Background Sugammadex provides fast and complete recovery from rocuronium-induced neuromuscular blockade. The objective of this study was to compare between the effect of sugammadex and neostigmine on intraocular pressure (IOP), hemodynamics, and postoperative complications in morbidly obese patients.
Patients and methods A prospective randomized study was done to study the effect of sugammadex and neostigmine on IOP in morbidly obese patients during elective eye surgery. A total of 60 morbidly obese patients (BMI >35 kg/m2) American Society of Anesthesiologists I–II, aged between 35 and 55 years, requiring general anesthesia and who received rocuronium for muscle relaxation were randomly assigned into two groups: group I (n=30) (Sug) received sugammadex 2 mg/kg and group II (n=30) (Neo) received neostigmine of 0.05 mg/kg at the end of surgery when response of train-of-four reached T2 by using peripheral nerve stimulator.
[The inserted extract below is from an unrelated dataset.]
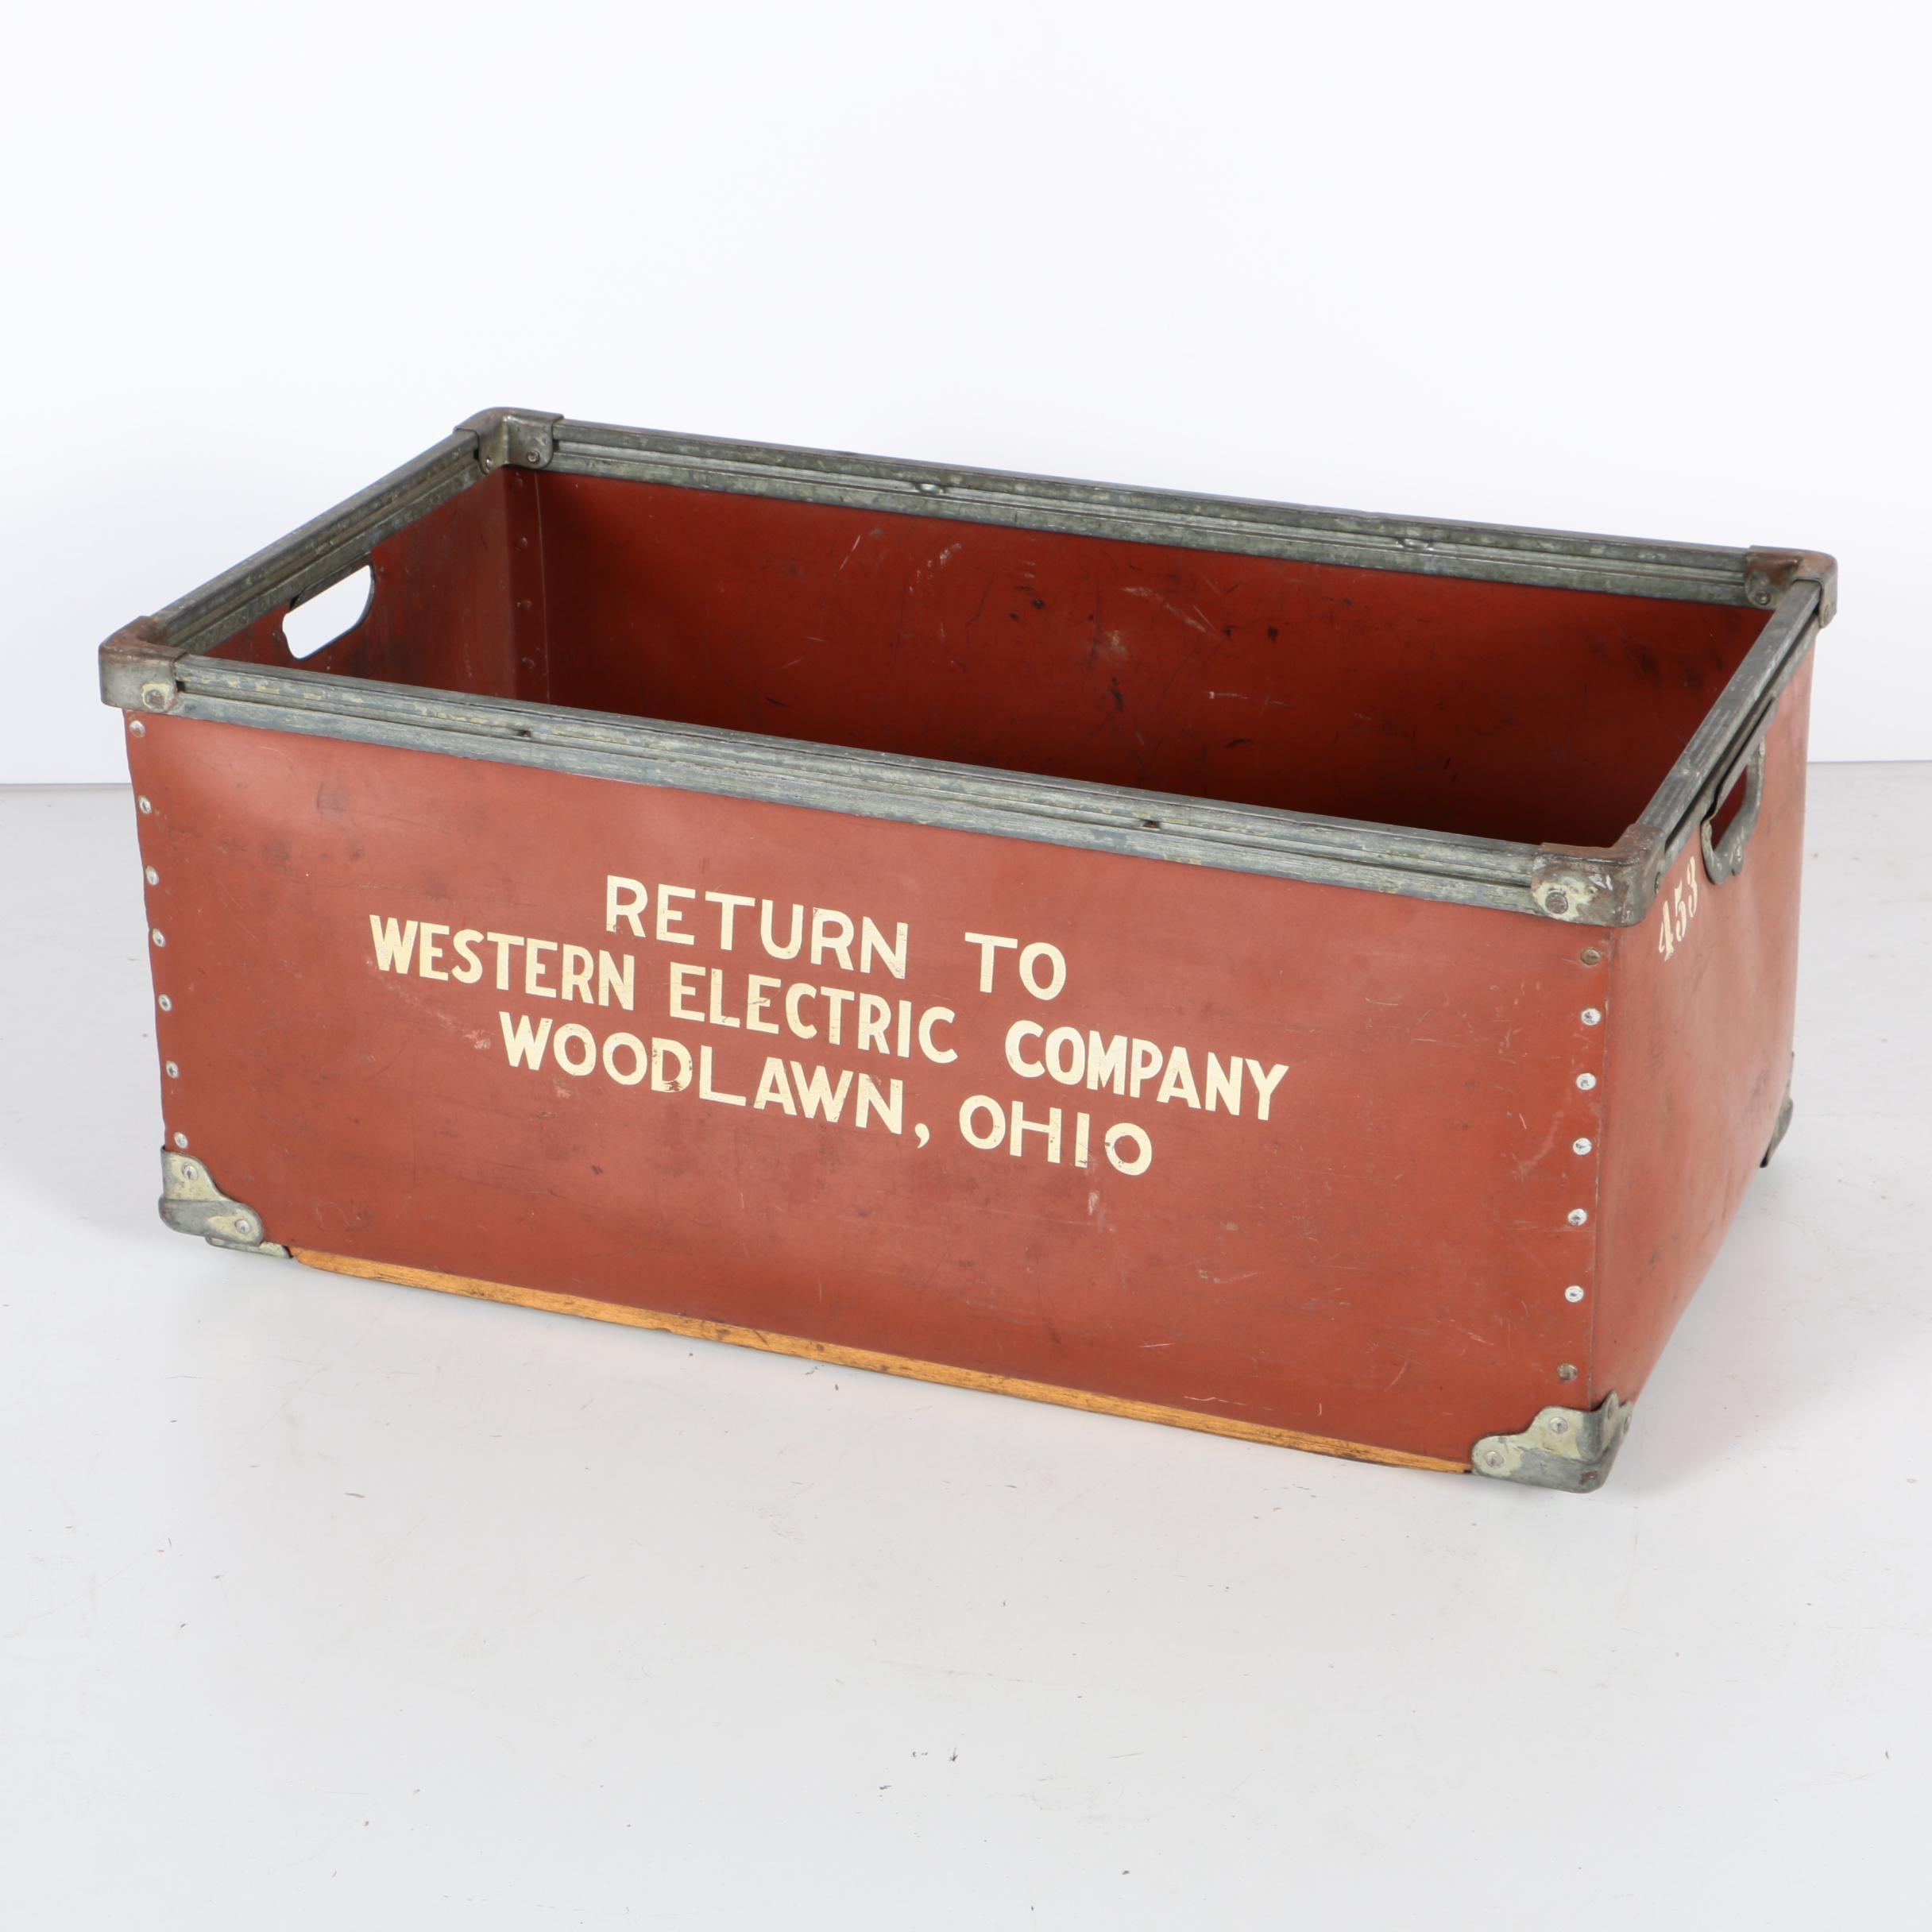 Vintage Western Electric Company Bin

The neuromuscular function was recorded and time to achieve 90% of train-of-four (safe extubation) was measured. After extubation was done, the IOP was measured 1, 2, 5, 10, and 20 min for all patients (those with baseline IOP of >30 mmHg were excluded). Tono-Pen XL applanation tonometer was used to measure IOP. Heart rate and blood pressure were measured and compared in both groups. Patients were examined directly after arrival to the recovery room for observation of complications.
Results Sugammadex give safe, fast, and complete recovery in morbidly obese patients, lower values of IOP and minimal effect on hemodynamics during ophthalmic operations.
Conclusion Sugammadex provided a more rapid reversal of neuromuscular functions in morbidly obese patients, lower IOP and hemodynamic stability during ophthalmic operations.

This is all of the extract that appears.